These Two REITs Can Be Safer Than Bonds When Rates Are Rising

I’m getting a lot of questions about real estate right now and, specifically, about whether REITs are as “bad” as many investors think when rates are rising.

Nope.

In fact, the right REITs can be better, safer and potential far more lucrative as interest rates increase.

Including the two I’d like to share with you today.

Many investors believe that rising rates are bad for real estate and, by implication, for Real Estate Investment Trusts or “REITs” for short. So they’re starving themselves of badly needed income by lightening up their allocations or abandoning them entirely.

That’s a huge mistake – if you understand how to pick the right REITs.

Contrary to what a lot of investors believe, REITs have historically done well when the cost of money is increasing. Between 1994 and 2017, for example, there were nine time periods when interest rates rose by more than 1% (or 100 basis points in trader speak) as measured by the 10-Year U.S. Treasury note.

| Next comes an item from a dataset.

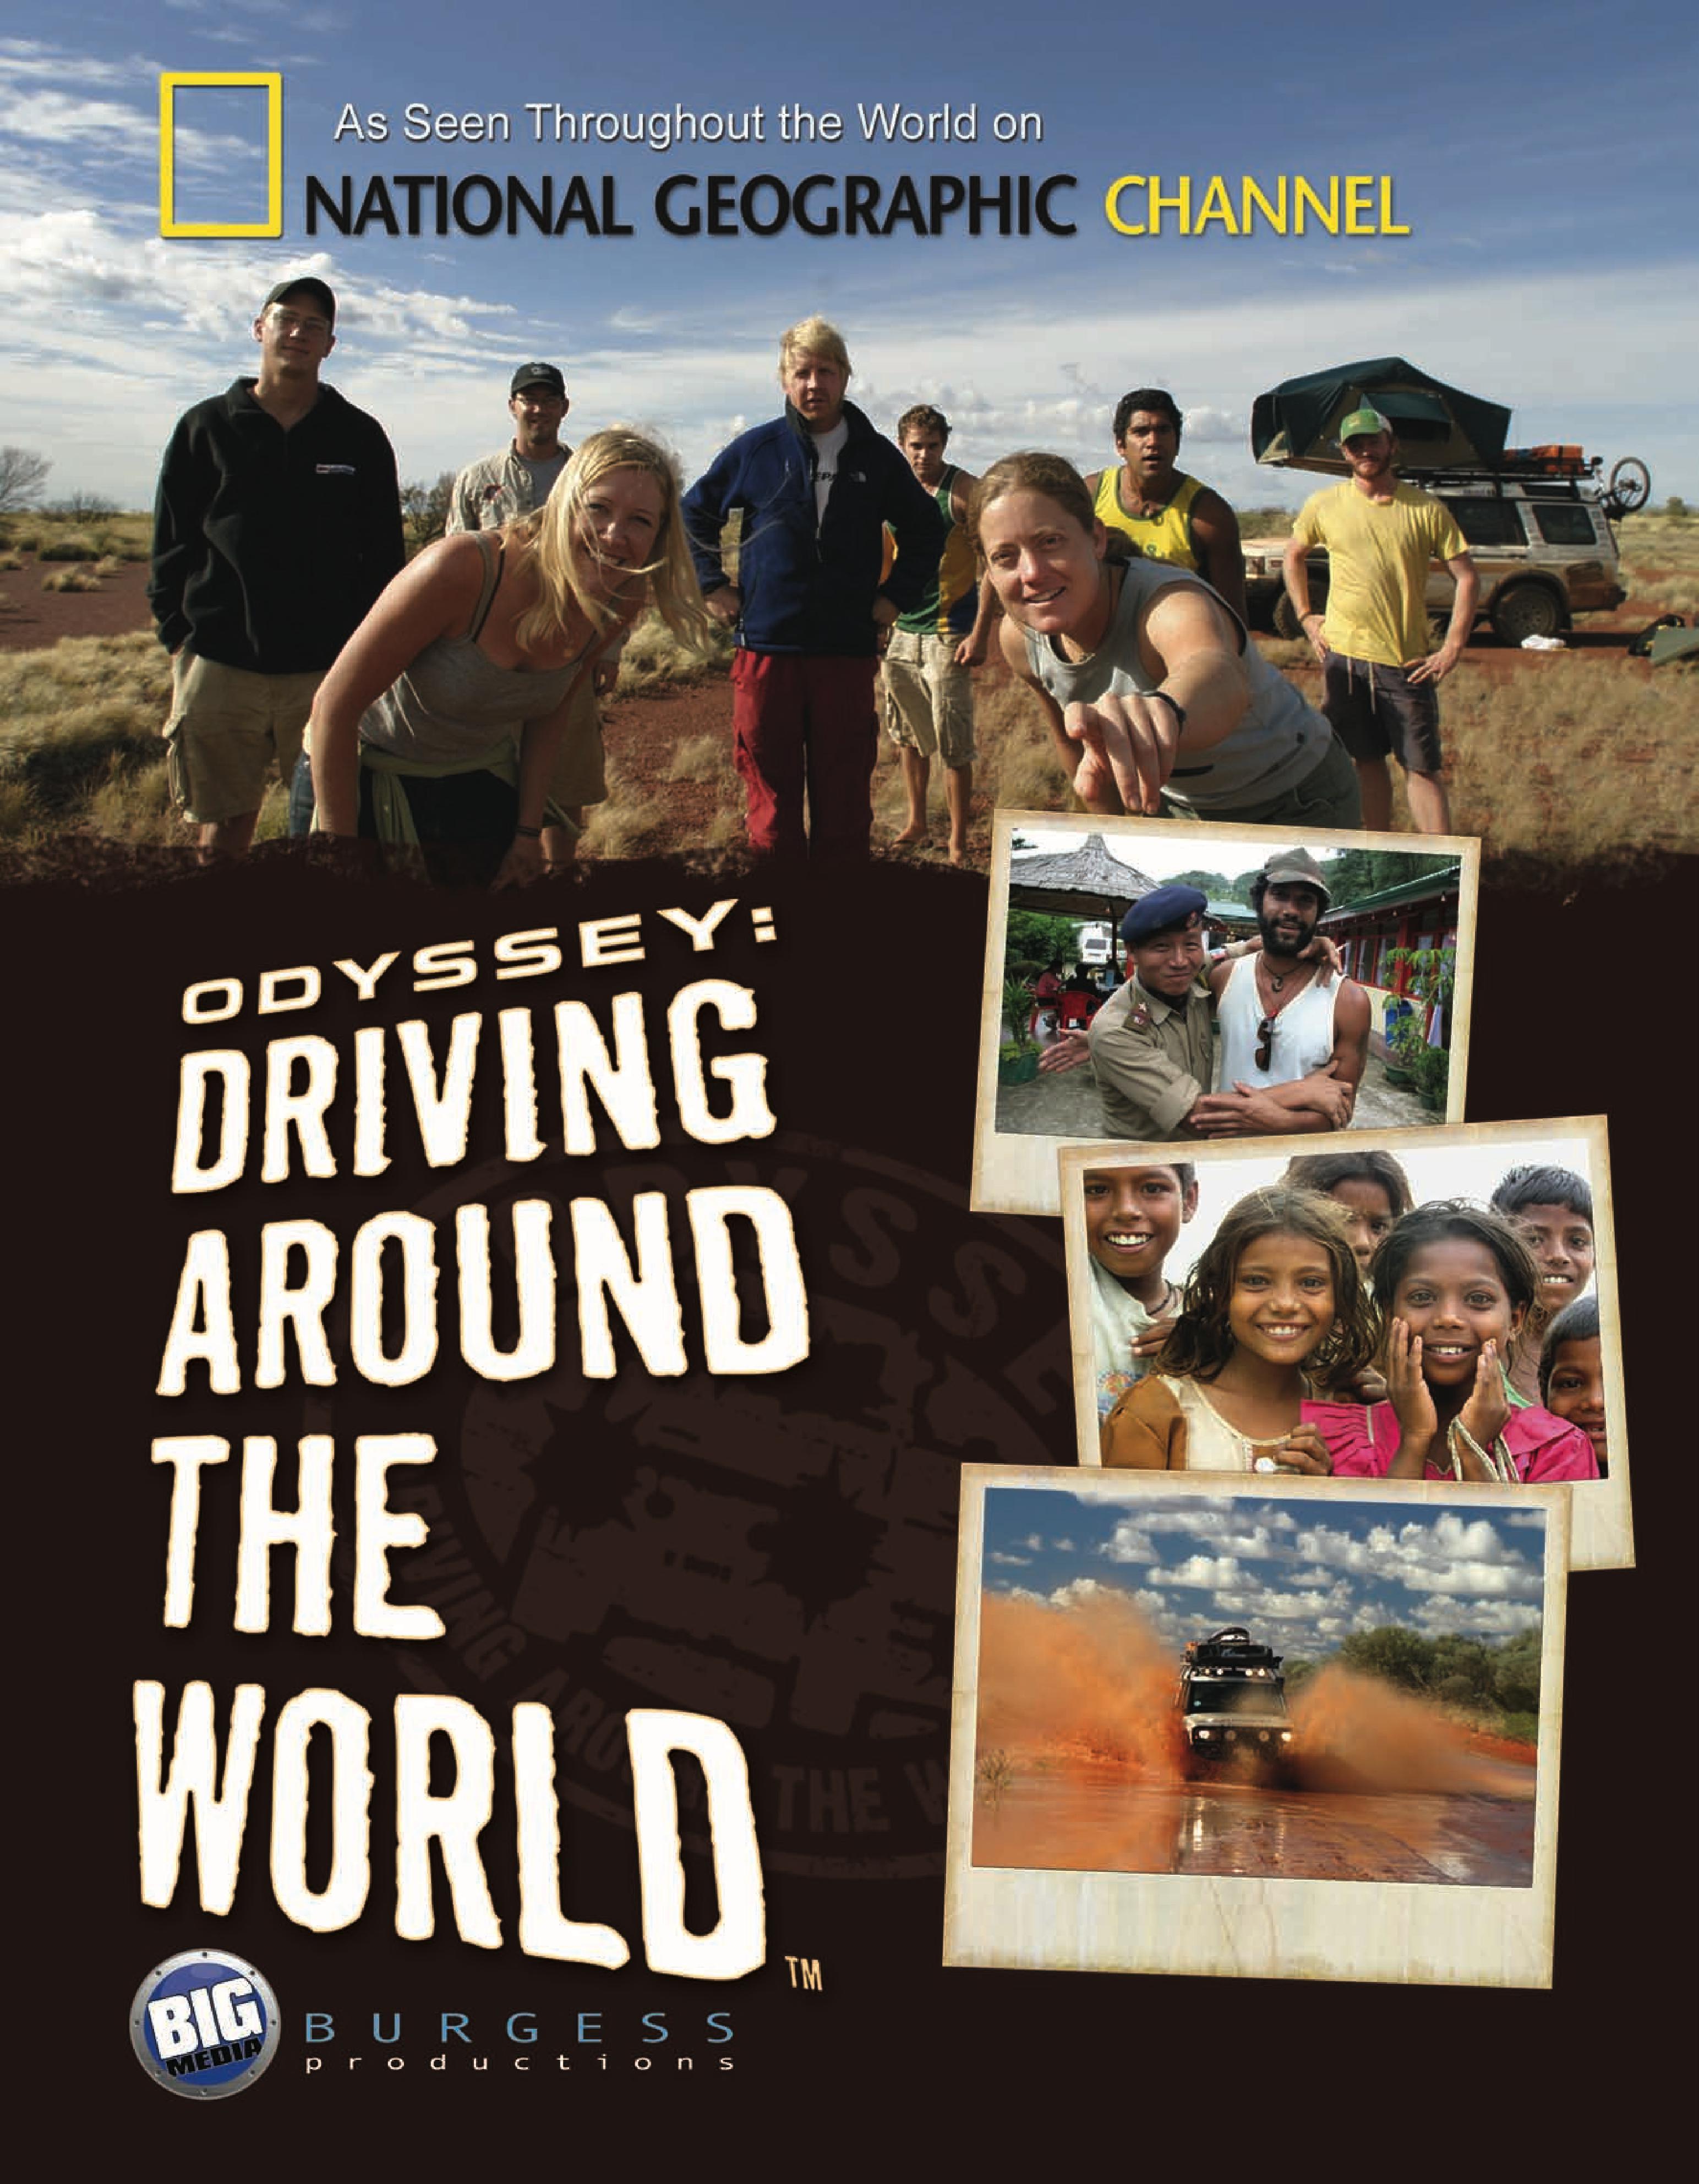 Odyssey Driving Around the World

Six out of nine of those times, REITs provided positive returns despite the fact that those rate changes were roughly four times larger than the measly 0.25% hike Yellen just made and the three additional hikes she says she’s going to make in 2017.

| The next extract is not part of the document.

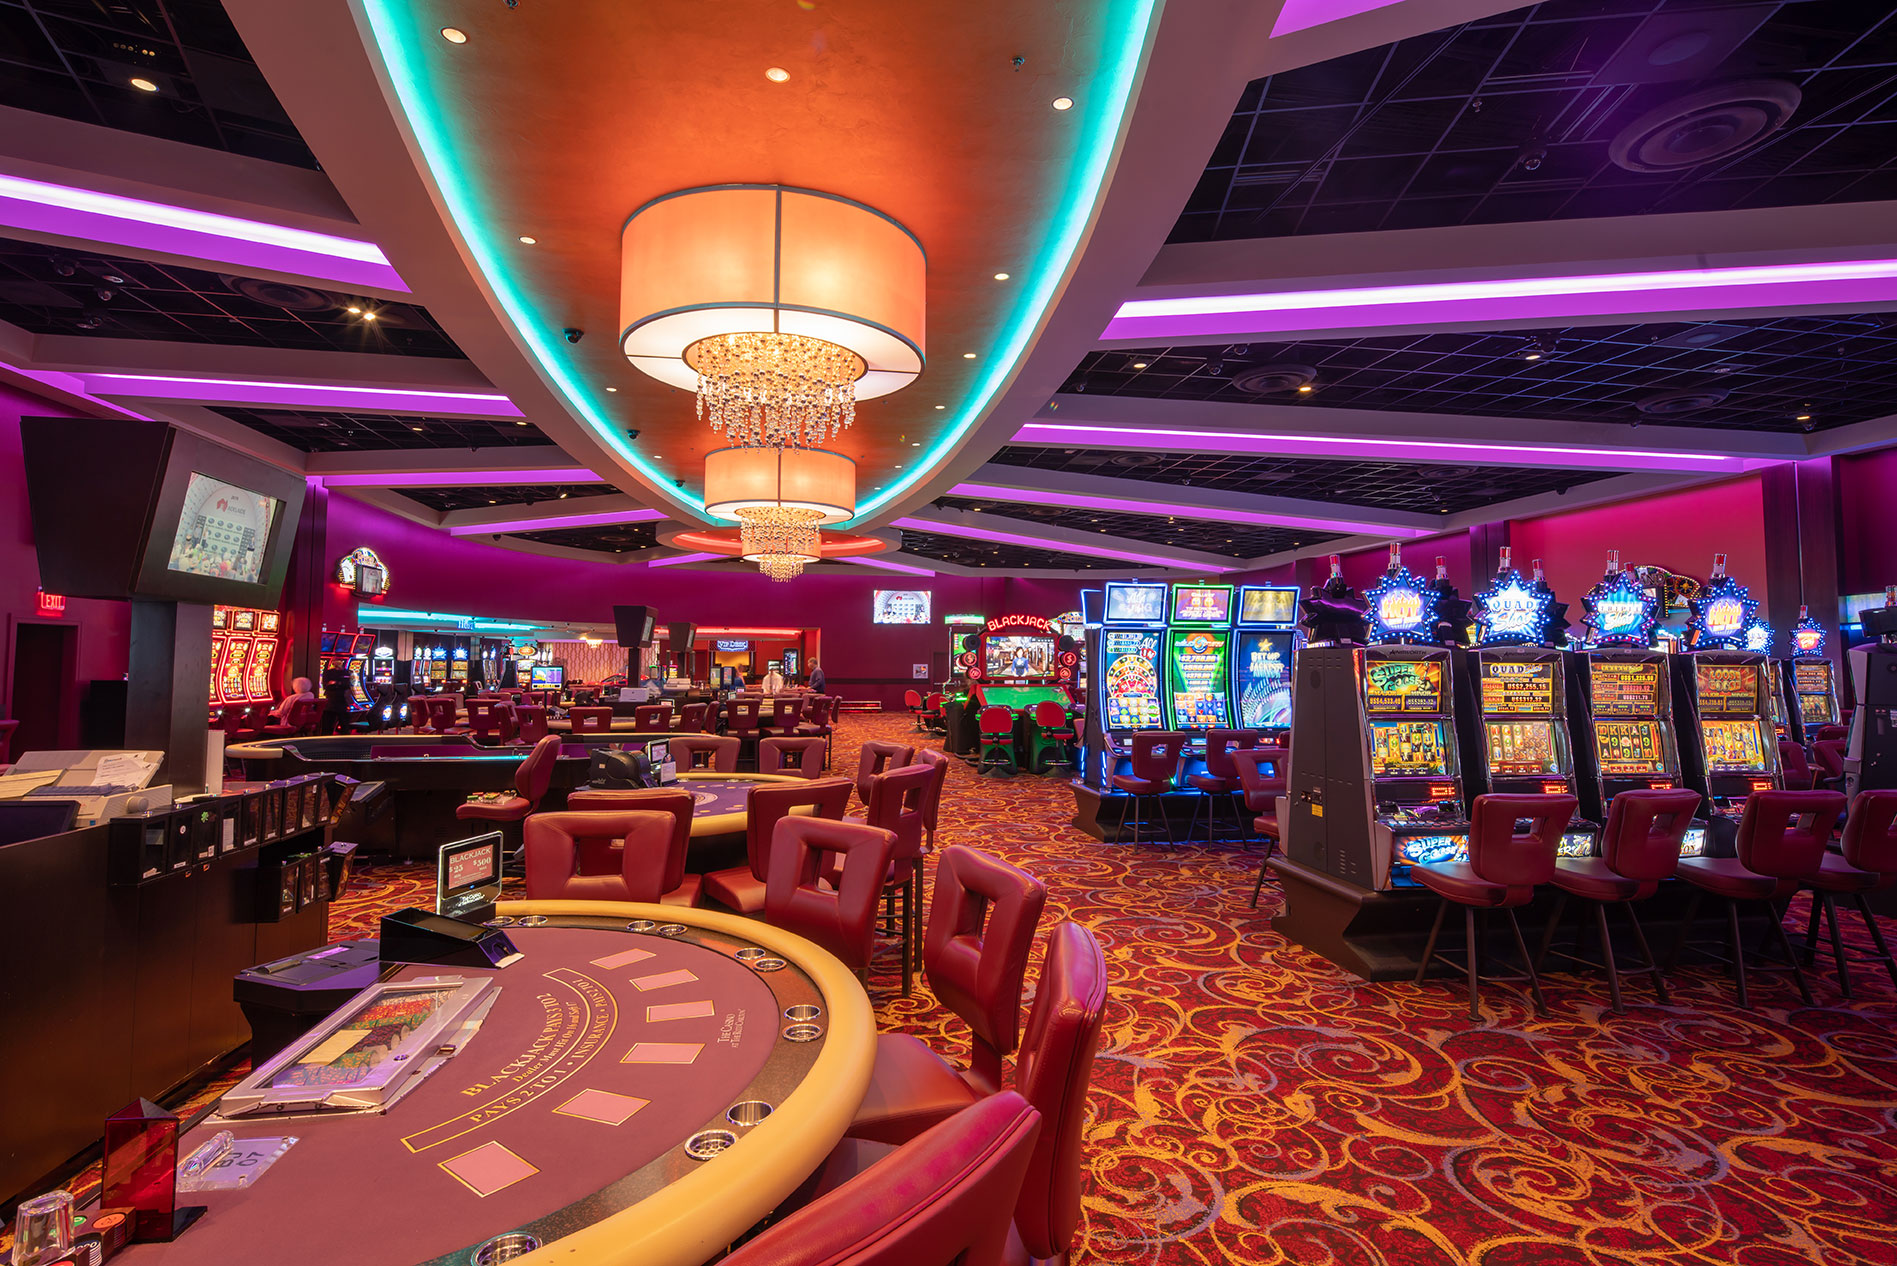 Ritz-Carlton in Aruba, Caribbean | Casinos - Rated 3.5

What most people miss is deceptively simple.

Namely that there’s a big difference between a sharp rate spike in the mold of Chairman Paul Volker’s 1970s “torpedo” and the slowest interest rate normalization in history that’s now Yellen’s legacy until, apparently, the end of time.

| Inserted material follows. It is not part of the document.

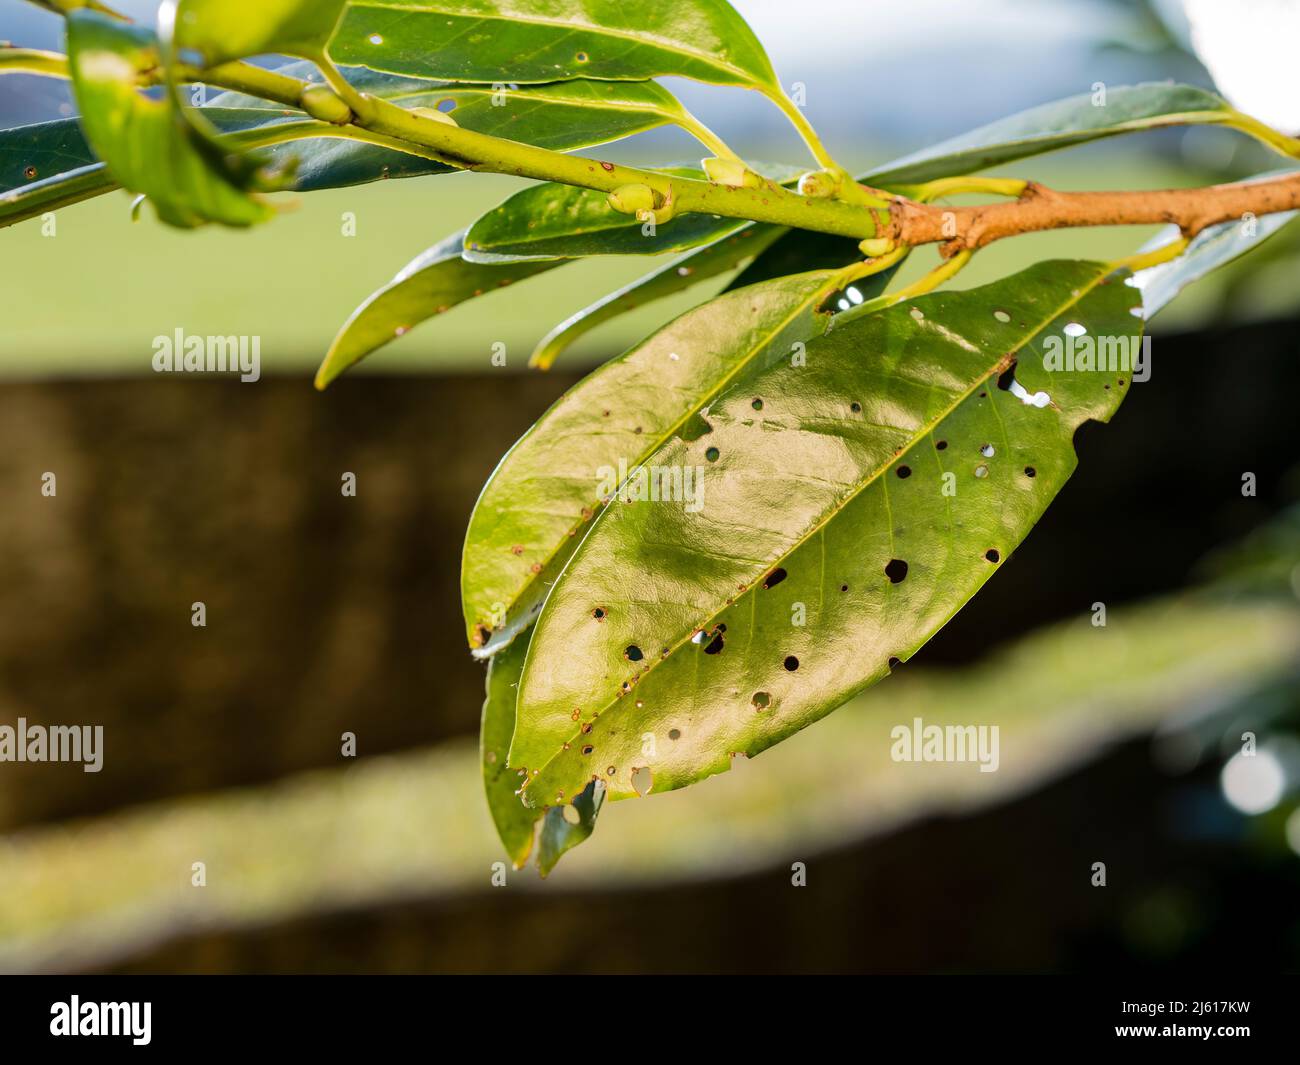 image shows leaves of cherry laurel Prunus laurocerasus affected by leaf spot fungi Stigmina carpophila Stock Photo

The former is a mechanism designed to shut down inflation and rein in speculation, while the latter is intended to maintain all the things policy makers believe free money makes possible – an improving labor market, consumer spending, and overall demand.

To paraphrase legendary executive and former presidential candidate H. Ross Perot, “lemme show ya a chart.”

Many investors worry that “it’ll be different this time” – usually more as it relates to traditional dividends and income than real estate – but either way, it really doesn’t matter much.